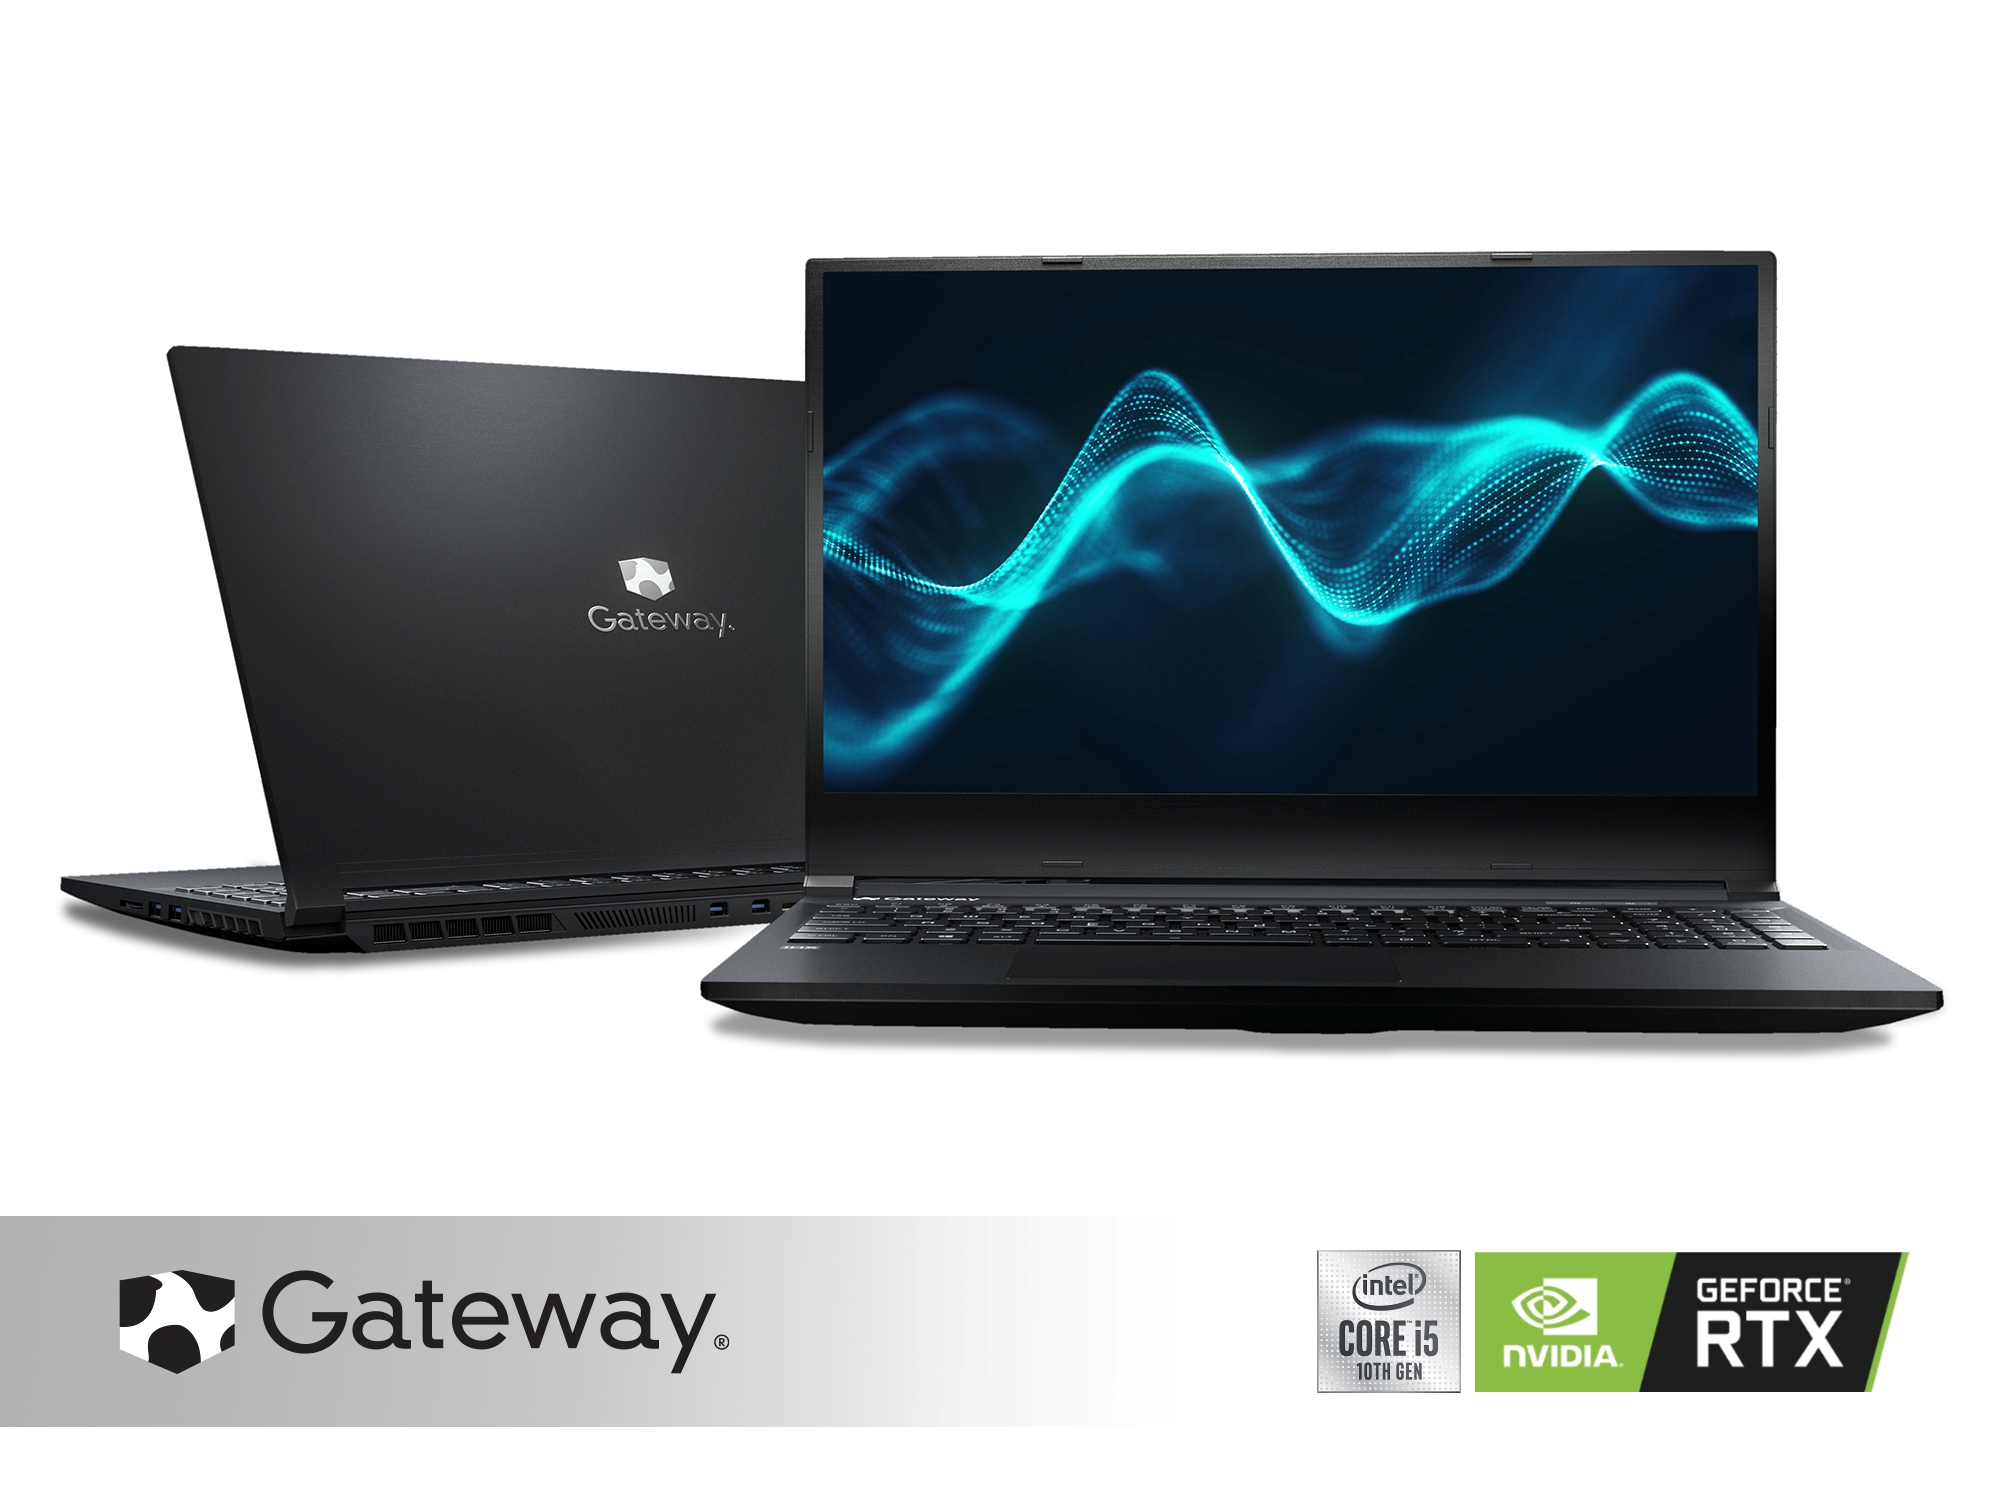 This GeForce RTX 2060 laptop is now only $ 699 from Walmart and Gateway
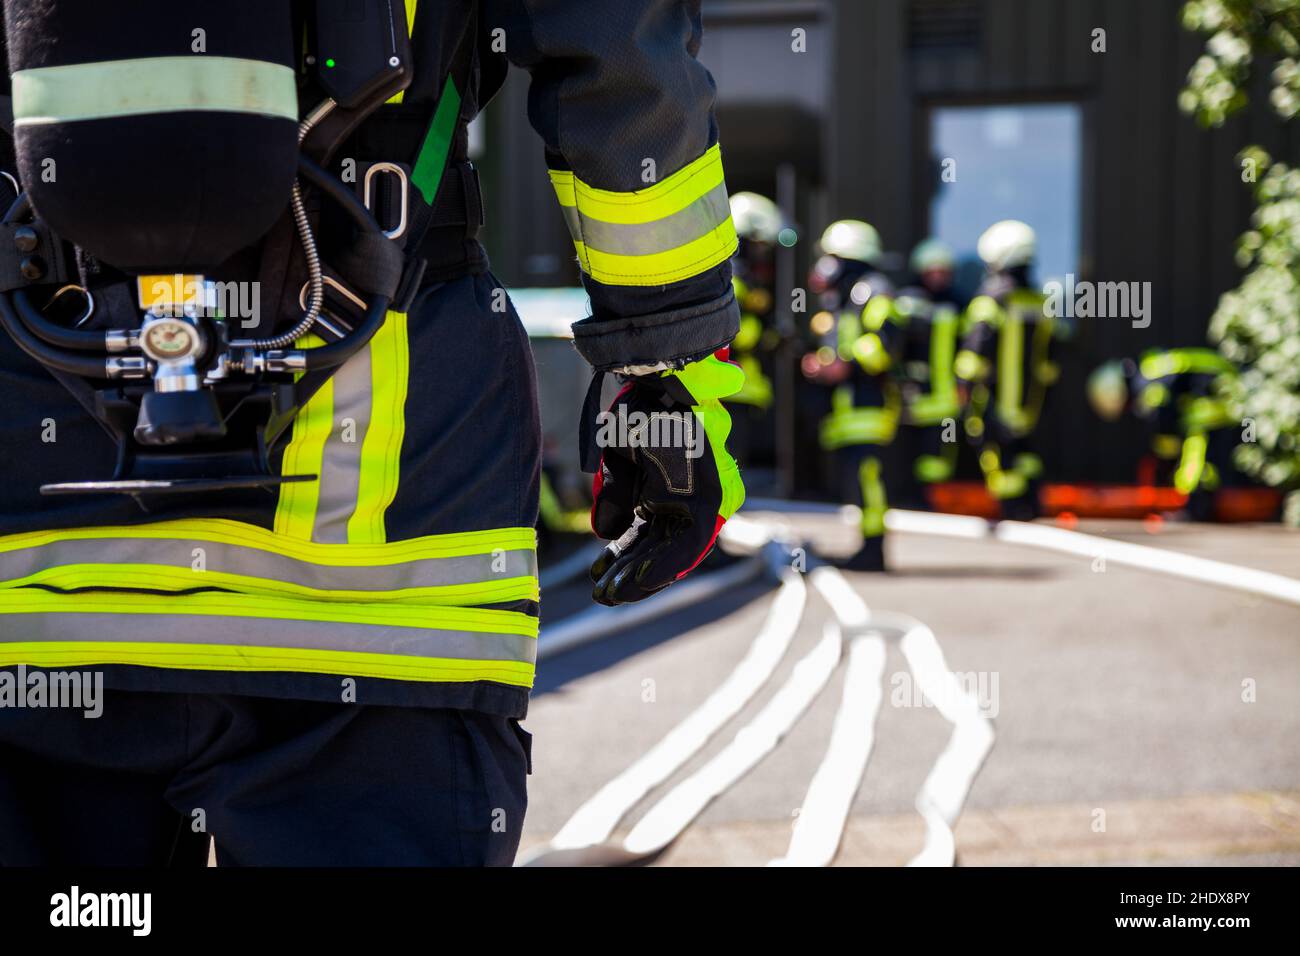 glove, protective workwear, fire department, gloves, protective workwears, fire departments Stock Photo
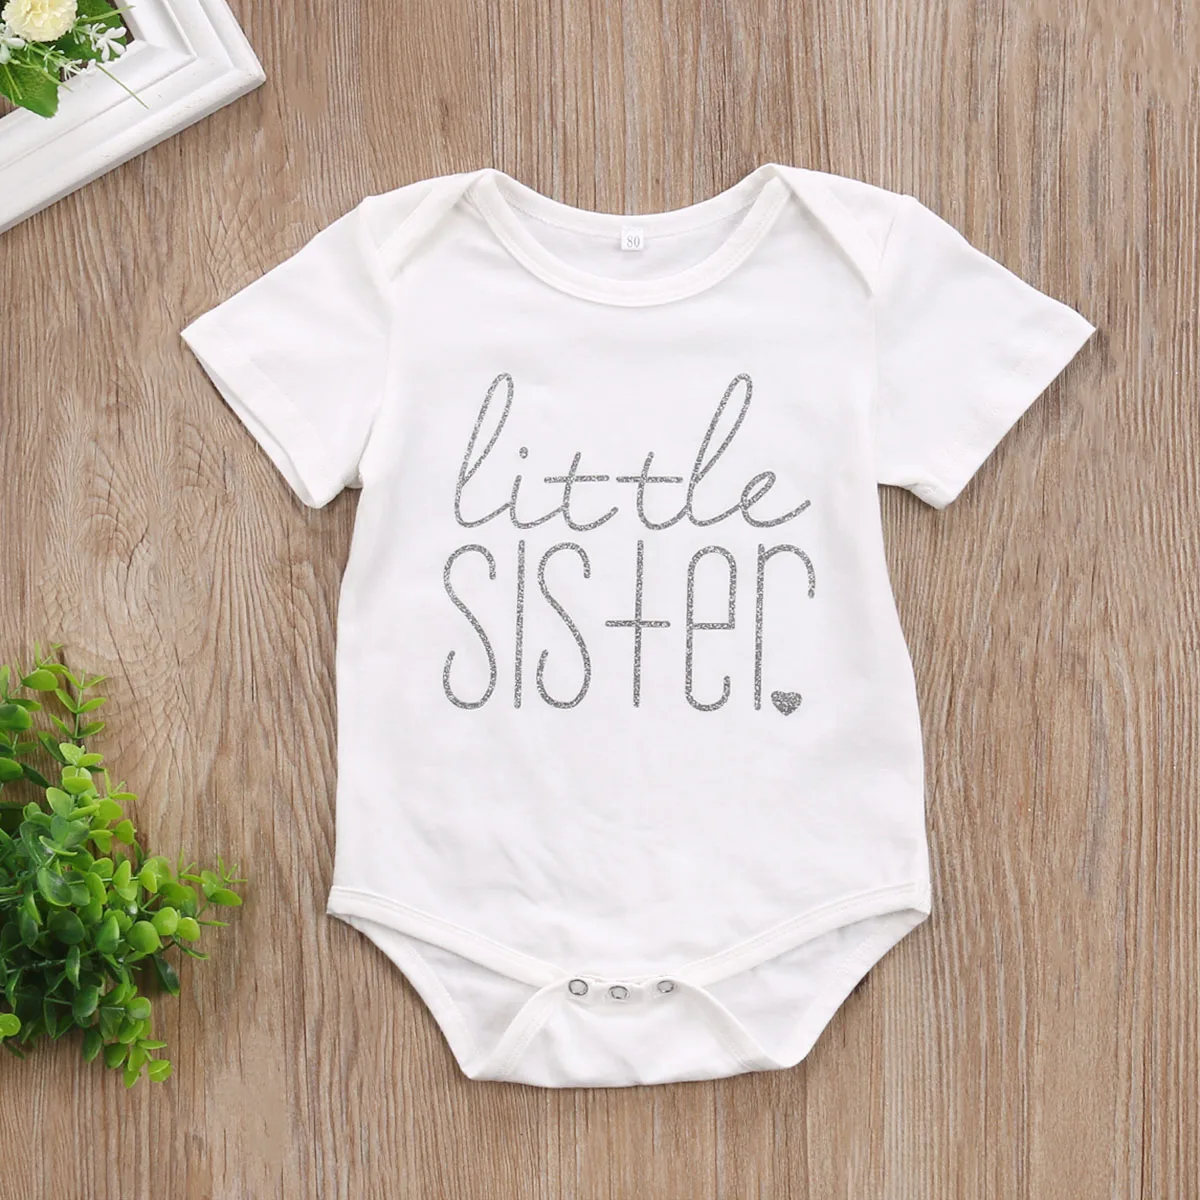 on brand DANDANdianzi Little Sister Big Brother Family Matching Cotton baby rompers Outfits Little Sister Romper Big Brother Printed Tops Cotton Outfits

• What is being asked: Copy each line above exactly, with no images.

• Exercise solution:
 This GeForce RTX 2060 laptop is now only $ 699 from Walmart and Gateway
 glove, protective workwear, fire department, gloves, protective workwears, fire departments Stock Photo
 on brand DANDANdianzi Little Sister Big Brother Family Matching Cotton baby rompers Outfits Little Sister Romper Big Brother Printed Tops Cotton Outfits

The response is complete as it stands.